Les Etats-Unis révisent leur politique antidrogue en Afghanistan
TRIESTE, Italie - Les Etats-Unis vont remanier de fond en comble leur stratégie antidrogue en Afghanistan en abandonnant peu à peu l'éradication du pavot, a déclaré samedi l'émissaire de Washington au Pakistan et en Afghanistan.
Richard Holbrooke, qui prenait part à une conférence du Groupe des Huit (G8) sur la stabilisation de l'Afghanistan, s'est aussi entretenu des mesures visant à y favoriser le bon déroulement du scrutin présidentiel du 20 août prochain.
Washington a quasiment doublé ses effectifs militaires pour combattre l'insurrection des taliban et assurer la sécurité durant l'élection.
"La politique occidentale contre la culture de l'opium, la culture du pavot, a échoué. Elle n'a porté aucun préjudice aux taliban mais a mis des cultivateurs au chômage", a dit Holbrooke à Reuters après une série d'entretiens bilatéraux à Trieste.
"Nous ne favoriserons plus l'éradication des cultures. Nous allons l'abandonner progressivement", a-t-il indiqué en précisant que l'effort porterait dorénavant sur l'interception des drogues et des produits chimiques utilisés pour les fabriquer ainsi que sur la chasse aux trafiquants.
Quelques activités d'éradication pourraient rester tolérées mais exclusivement dans des zones restreintes, a-t-il ajouté.
L'Afghanistan produit plus de 90% de l'héroïne mondiale.
Malgré les millions de dollars consacrés à la politique anti-stupéfiants, la production de drogue a considérablement augmenté jusqu'à l'an dernier. Selon des statistiques de l'Onu, la production afghane d'opiacés a été multipliée par plus de 40 depuis la chute des taliban, chassés de Kaboul par l'intervention alliée de la fin 2001.

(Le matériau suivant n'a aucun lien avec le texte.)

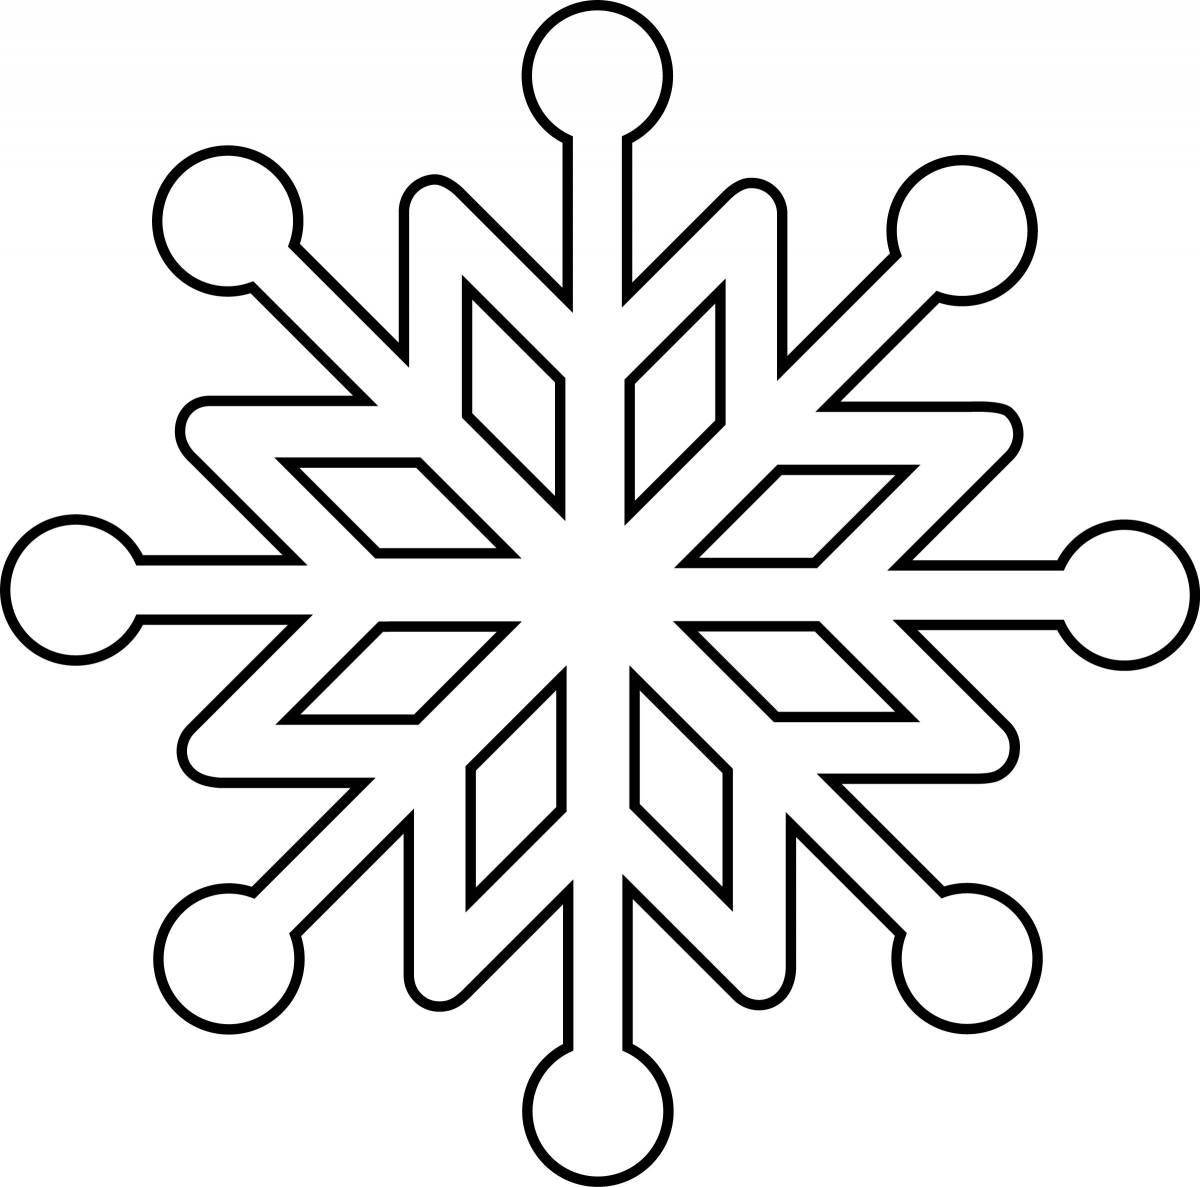 Gorgeous snowflake coloring page

Selon Franco Frattini, chef de la diplomatie italienne, Holbrooke a informé les délégués que les Etats-Unis allaient réduire le financement des programmes d'éradication tout en débloquant plusieurs centaines de millions de dollars pour soutenir les cultures légales.
ÉLECTION CRUCIALE
Antonio Maria Costa, directeur de l'Office de l'Onu pour le contrôle des drogues et la répression du crime, a déclaré à Reuters que la stratégie d'éradication américaine s'était réduite à "une triste plaisanterie" :
"Triste, parce que beaucoup de policiers et de soldats afghans (...) ont été tués et qu'on n'a éradiqué qu'environ 5.000 hectares, soit à peu près trois pour cent du volume."
L'Iran a refusé de participer à la réunion, mais Antonio Maria Costa a dit que Téhéran coopérait à une action multilatérale visant à contrer le trafic en provenance d'Afghanistan et avait lancé des opérations anti-stupéfiants avec les autorités afghanes et pakistanaises.
"C'est tout à fait nouveau, cela ne se voyait pas dans le passé", a-t-il noté.
Dans un communiqué, les 45 pays et organisations internationales présents à la conférence s'engagent à étudier les moyens d'accroître l'aide humanitaire au Pakistan, où près de deux millions d'habitants ont été déplacés par des combats.
Richard Holbrooke a déclaré que les alliés n'en faisaient pas assez. "Les Etats-Unis sont de loin le premier donateur dans la crise des réfugiés du Pakistan. Cela ne me gêne pas (...) mais d'autres pays ne font pas ce qu'on peut attendre à mon sens", a-t-il dit, ajoute que certains ministres lui avaient assuré en privé que leurs pays accentueraient leur effort.
Le scrutin afghan est jugé crucial pour le président Hamid Karzaï et pour Washington. Des délégués ont souligné - non sans songer à la présidentielle iranienne - l'importance d'une consultation libre, équitable et crédible.
Karzaï a exhorté samedi les taliban et leurs alliés à voter au lieu de perturber les opérations électorales. Frattini s'en est réjoui en notant que les pays de la Ligue arabes et du Golfe se montraient très intéressés par cette démarche.
Richard Holbrooke a dit que de hauts responsables américains considéraient cette élection comme "l'événement le plus important de l'année". "L'équité de cette élection déterminera la crédibilité et la légitimité du gouvernement. Nous venons d'assister à un cas spectaculairement malheureux tout près de là, en Iran", a-t-il déclaré.
"Dans ces situations, la gouvernance devient plus difficile. Aussi (...) aimerions-nous voir un gouvernement élu par son peuple dans des conditions crédibles, qui serait jugé légitime par le peuple et par la communauté internationale."